____ Dataset entries
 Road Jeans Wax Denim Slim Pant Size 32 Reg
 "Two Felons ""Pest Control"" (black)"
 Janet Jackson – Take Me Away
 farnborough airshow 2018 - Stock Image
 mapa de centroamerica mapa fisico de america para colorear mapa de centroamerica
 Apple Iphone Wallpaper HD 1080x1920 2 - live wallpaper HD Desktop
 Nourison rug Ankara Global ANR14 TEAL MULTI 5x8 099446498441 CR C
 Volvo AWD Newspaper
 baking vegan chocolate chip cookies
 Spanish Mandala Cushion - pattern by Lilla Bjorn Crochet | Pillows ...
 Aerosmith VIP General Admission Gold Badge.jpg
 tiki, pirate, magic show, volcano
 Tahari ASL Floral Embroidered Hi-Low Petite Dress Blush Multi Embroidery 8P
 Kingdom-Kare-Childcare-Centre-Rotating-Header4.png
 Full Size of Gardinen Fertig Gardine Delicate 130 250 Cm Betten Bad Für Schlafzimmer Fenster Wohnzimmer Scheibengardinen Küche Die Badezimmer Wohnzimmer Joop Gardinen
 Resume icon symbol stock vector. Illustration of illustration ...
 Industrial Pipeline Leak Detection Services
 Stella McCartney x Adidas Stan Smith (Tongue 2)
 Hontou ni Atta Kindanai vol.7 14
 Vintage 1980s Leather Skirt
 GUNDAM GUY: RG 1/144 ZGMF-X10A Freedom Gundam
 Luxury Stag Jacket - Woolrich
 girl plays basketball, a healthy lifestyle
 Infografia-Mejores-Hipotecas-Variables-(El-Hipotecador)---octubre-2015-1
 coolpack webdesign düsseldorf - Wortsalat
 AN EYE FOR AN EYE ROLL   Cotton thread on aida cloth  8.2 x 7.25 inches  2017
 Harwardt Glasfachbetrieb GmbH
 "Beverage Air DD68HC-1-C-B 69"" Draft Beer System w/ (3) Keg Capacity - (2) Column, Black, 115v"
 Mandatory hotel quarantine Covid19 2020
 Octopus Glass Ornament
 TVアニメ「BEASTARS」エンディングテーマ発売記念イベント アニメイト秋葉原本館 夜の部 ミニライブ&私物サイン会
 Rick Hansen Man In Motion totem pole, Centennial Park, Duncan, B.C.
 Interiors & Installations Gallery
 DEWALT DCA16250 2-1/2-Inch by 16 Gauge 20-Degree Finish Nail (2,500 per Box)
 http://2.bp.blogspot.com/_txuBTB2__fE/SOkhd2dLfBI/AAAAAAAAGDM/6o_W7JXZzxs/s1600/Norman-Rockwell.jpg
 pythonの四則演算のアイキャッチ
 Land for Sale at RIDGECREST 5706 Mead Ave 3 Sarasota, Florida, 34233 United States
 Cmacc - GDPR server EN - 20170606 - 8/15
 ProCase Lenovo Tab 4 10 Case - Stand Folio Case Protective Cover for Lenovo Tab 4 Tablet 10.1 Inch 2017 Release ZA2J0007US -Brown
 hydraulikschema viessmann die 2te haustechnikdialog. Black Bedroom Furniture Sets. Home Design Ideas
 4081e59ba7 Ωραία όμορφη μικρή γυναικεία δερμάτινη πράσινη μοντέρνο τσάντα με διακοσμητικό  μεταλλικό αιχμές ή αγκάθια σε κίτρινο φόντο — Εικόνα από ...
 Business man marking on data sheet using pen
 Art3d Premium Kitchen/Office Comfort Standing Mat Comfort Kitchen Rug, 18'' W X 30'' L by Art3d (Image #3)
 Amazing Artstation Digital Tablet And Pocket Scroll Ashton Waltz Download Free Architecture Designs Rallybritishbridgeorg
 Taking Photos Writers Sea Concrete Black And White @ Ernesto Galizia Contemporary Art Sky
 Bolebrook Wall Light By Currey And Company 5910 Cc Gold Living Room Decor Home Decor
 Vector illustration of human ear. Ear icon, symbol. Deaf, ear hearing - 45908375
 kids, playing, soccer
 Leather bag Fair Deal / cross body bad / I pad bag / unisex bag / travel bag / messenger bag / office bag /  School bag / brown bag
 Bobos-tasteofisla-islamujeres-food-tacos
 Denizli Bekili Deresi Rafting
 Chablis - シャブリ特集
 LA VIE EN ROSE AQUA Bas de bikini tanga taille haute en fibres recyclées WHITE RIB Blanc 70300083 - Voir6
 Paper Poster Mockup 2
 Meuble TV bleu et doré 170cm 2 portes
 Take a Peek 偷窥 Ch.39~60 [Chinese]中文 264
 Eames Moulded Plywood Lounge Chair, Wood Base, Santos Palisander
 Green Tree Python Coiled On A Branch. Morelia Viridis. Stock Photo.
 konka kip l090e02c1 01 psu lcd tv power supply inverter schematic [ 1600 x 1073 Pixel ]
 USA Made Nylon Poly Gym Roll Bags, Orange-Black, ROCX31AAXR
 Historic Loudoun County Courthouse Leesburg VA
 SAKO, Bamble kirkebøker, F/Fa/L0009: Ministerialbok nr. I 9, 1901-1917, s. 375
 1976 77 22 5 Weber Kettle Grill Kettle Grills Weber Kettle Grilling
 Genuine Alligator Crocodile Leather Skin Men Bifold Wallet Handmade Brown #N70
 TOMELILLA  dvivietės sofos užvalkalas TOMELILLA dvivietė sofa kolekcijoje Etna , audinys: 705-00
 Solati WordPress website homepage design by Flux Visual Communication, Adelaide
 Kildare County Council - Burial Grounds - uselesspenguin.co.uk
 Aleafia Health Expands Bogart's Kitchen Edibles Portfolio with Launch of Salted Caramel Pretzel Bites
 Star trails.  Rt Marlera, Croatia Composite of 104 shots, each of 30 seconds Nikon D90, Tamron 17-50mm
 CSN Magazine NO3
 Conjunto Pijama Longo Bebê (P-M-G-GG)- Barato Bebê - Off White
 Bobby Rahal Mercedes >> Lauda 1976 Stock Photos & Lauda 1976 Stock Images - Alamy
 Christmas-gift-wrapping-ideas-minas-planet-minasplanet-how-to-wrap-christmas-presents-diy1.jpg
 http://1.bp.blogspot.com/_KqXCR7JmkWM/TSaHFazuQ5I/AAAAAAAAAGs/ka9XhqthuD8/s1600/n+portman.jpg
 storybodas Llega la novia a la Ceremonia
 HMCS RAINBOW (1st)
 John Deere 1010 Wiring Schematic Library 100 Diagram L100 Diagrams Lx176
________
● Task objective
Every line in the listing that holds "illustration" belongs in the answer.

● Response to this task
 Resume icon symbol stock vector. Illustration of illustration ...
 Vector illustration of human ear. Ear icon, symbol. Deaf, ear hearing - 45908375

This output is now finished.